Two high-traffic areas include a big sand pit with logs arranged like a haphazard teepee frame that engages the youngest children and another area with a tall, steep slide and two climbing areas to draw the 6- and 7-year-olds.
Moore said he imagined that the play park’s visitors would be young families with a toddler and maybe an infant in a stroller. Earlier this week, that’s exactly who was there.
Kristian and Nathaniel Borden were there with their children, an infant, a toddler and a 4-year-old celebrating his birthday with treats and his play group.
Kristian Borden said she and her friends live nearby, and this was their third visit to the park, which they watched with interest as it developed.
On their first visit, some of the kids didn’t even want to get dirty. Soon they learned how to turn on the water that trickles over the rock bed. Then they started moving rocks around, and eventually they discovered that mixing water and sand makes mud.

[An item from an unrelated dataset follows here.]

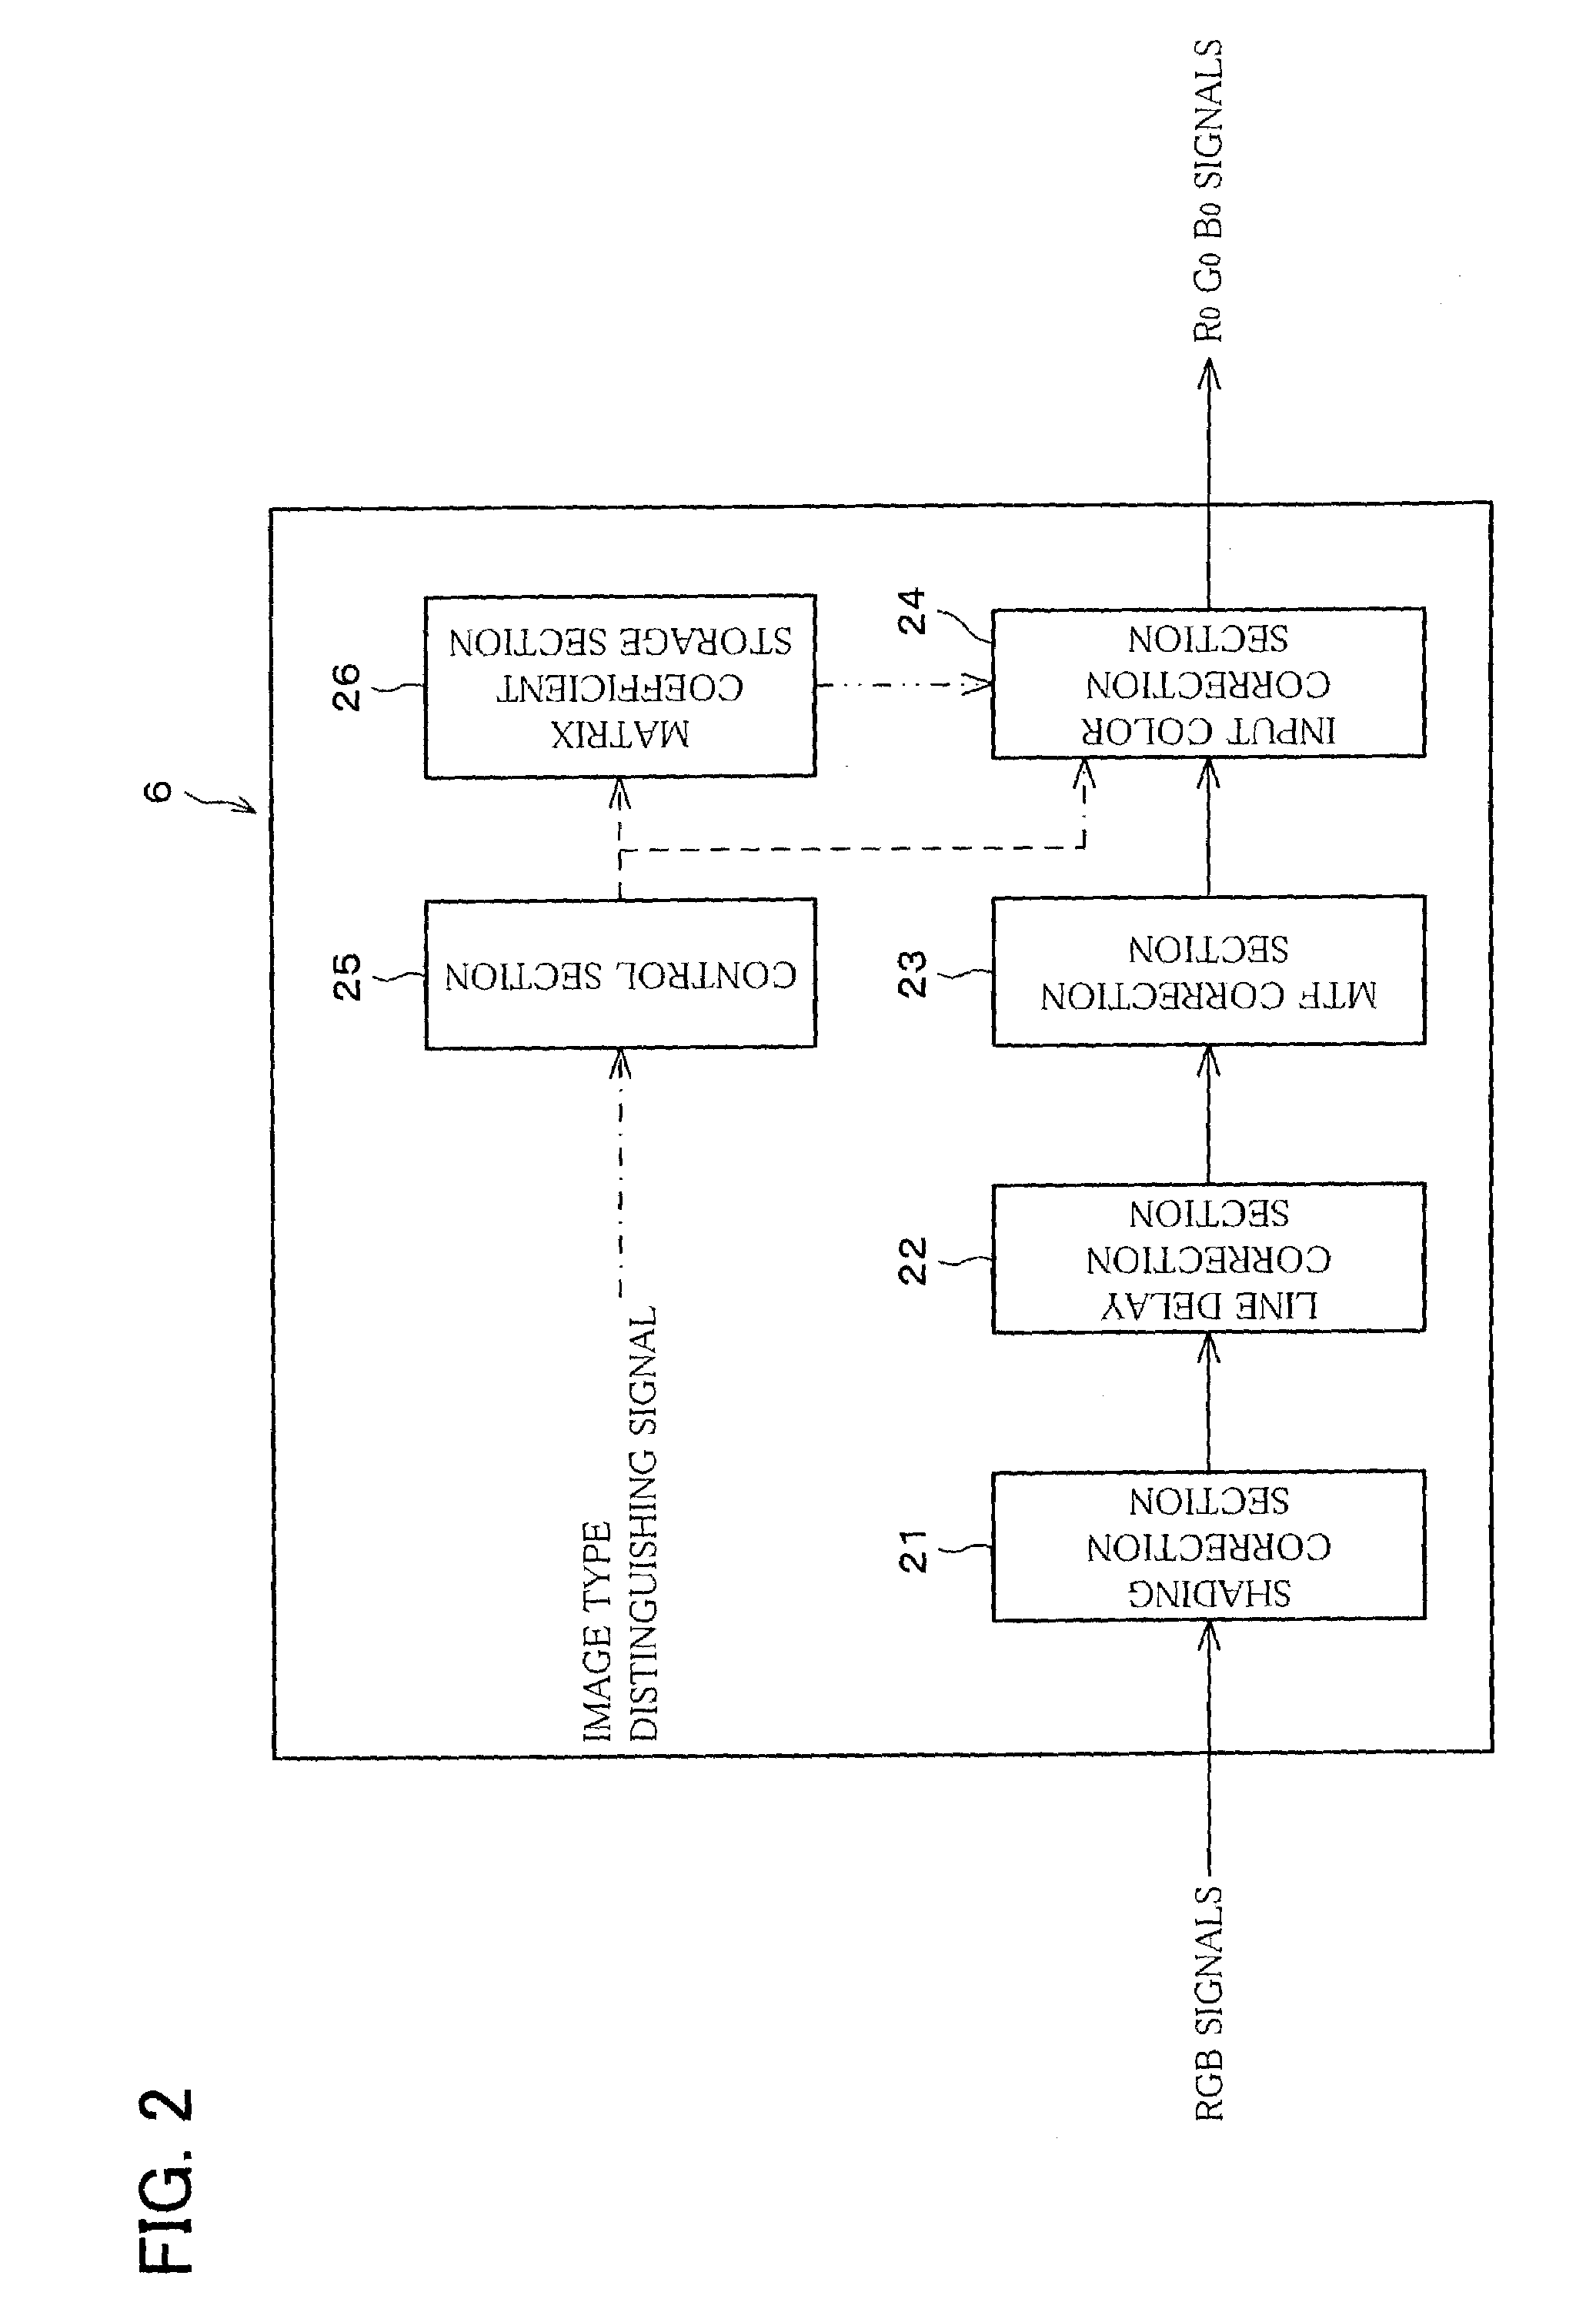 Image processing device, image forming device, image processing method, image processing program, and recording medium containing the image processing program recorded thereon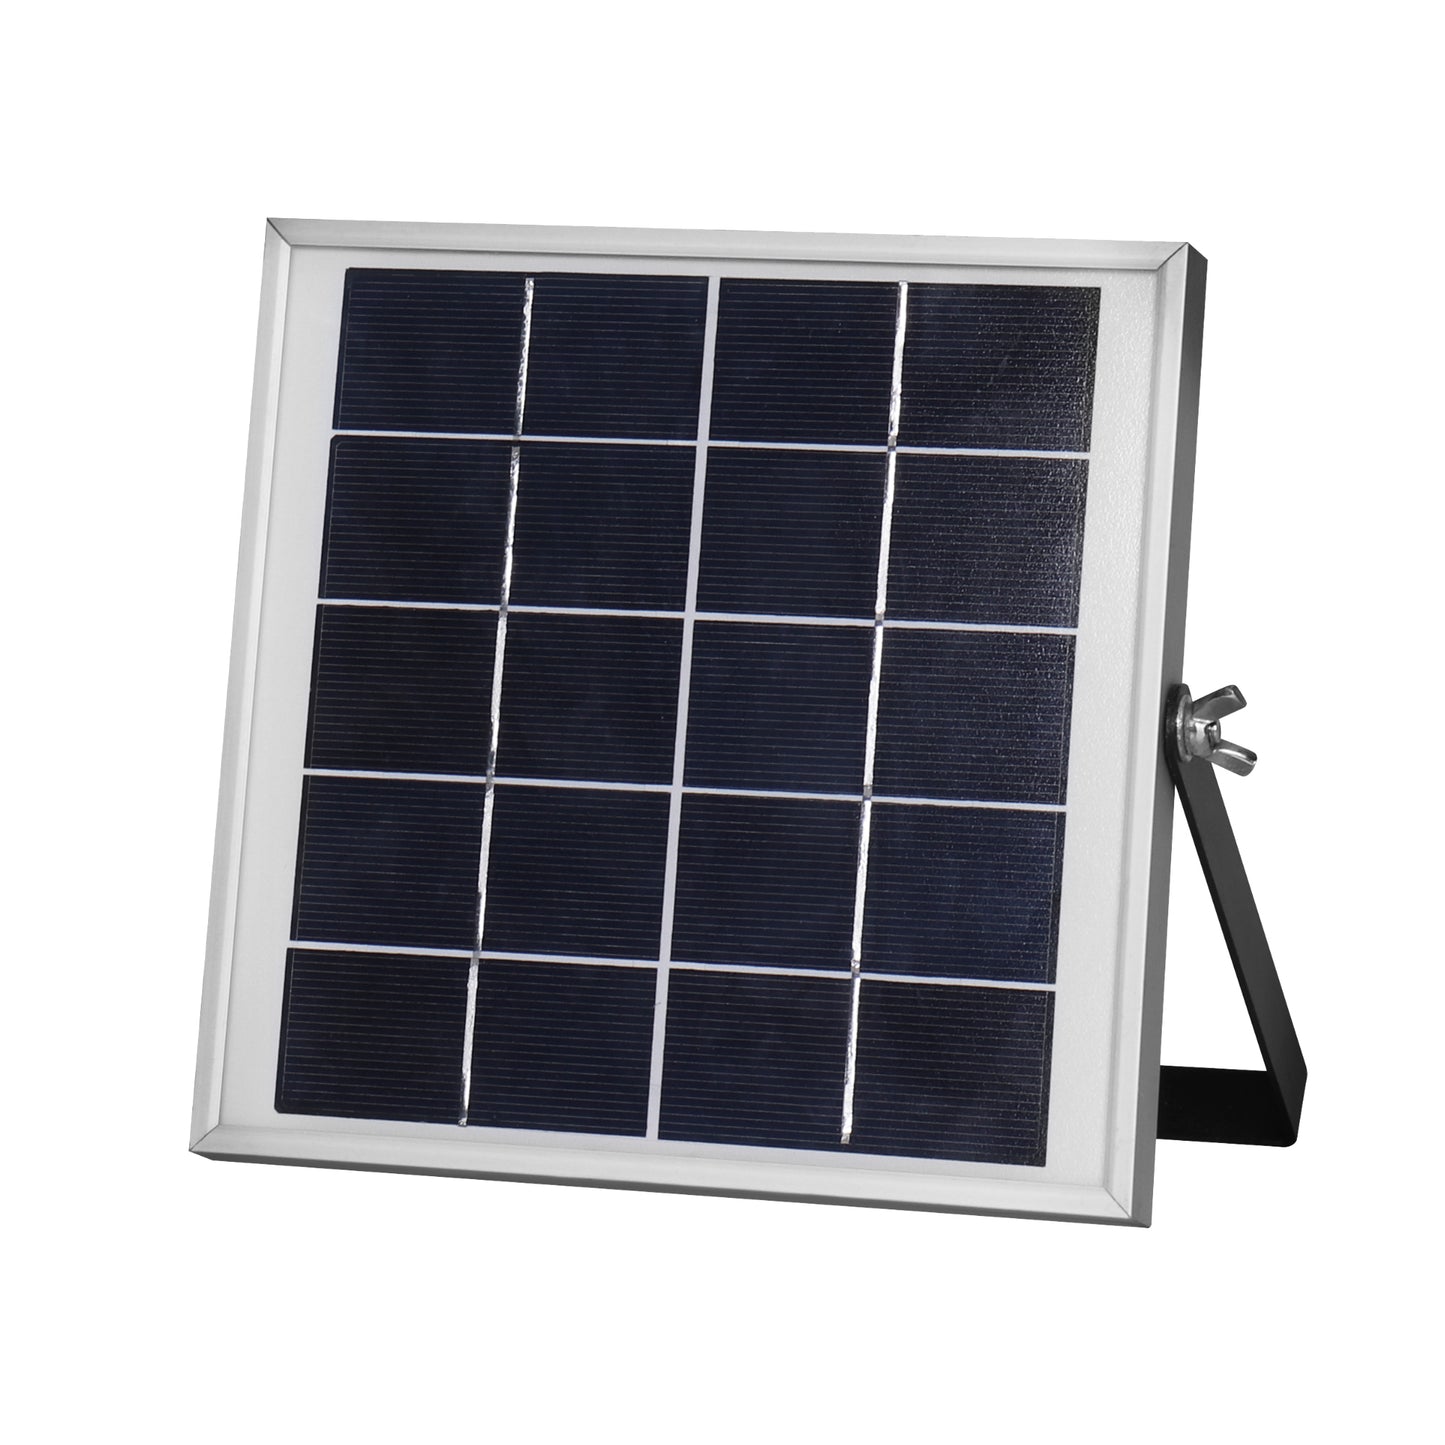 5-25W COLD SOLAR RECHARGEABLE LED PROJECTOR - MATEL

And that sand pit? It was more like catnip for toddlers, with boys and girls squirming through sunscreen application when all they really wanted to do was dig and climb.
The developmental and design issues at play here are “affordance” and “territoriality,” Moore explained. Affordance is how a child reads and responds to an environment; territoriality is how a child sees challenges as he ages and grows.
So that slide that looked too intimidating at age 3 is more approachable at 4 or 5.
The log teepee is a shape that child-development experts know works with young children, Moore said. It’s just a frame, but in a child’s imagination it becomes a place to hide with other kids, promoting interaction.
“Engaging kids’ imagination is a big part of it,” McCready said. “You can sit on it, pour sand on it or climb it. We want it to be evocative of a house, and we want kids to not be so literal and use their imagination.” What’s important is that kids have fun and parents know their children are safe, Moore said.
“If the kids are having fun and running around and joyfully exploring the place, that’s the bottom line. Hopefully, parents who are hesitant will see it’s OK. If it’s good for kids, we’ve done our job,” he said.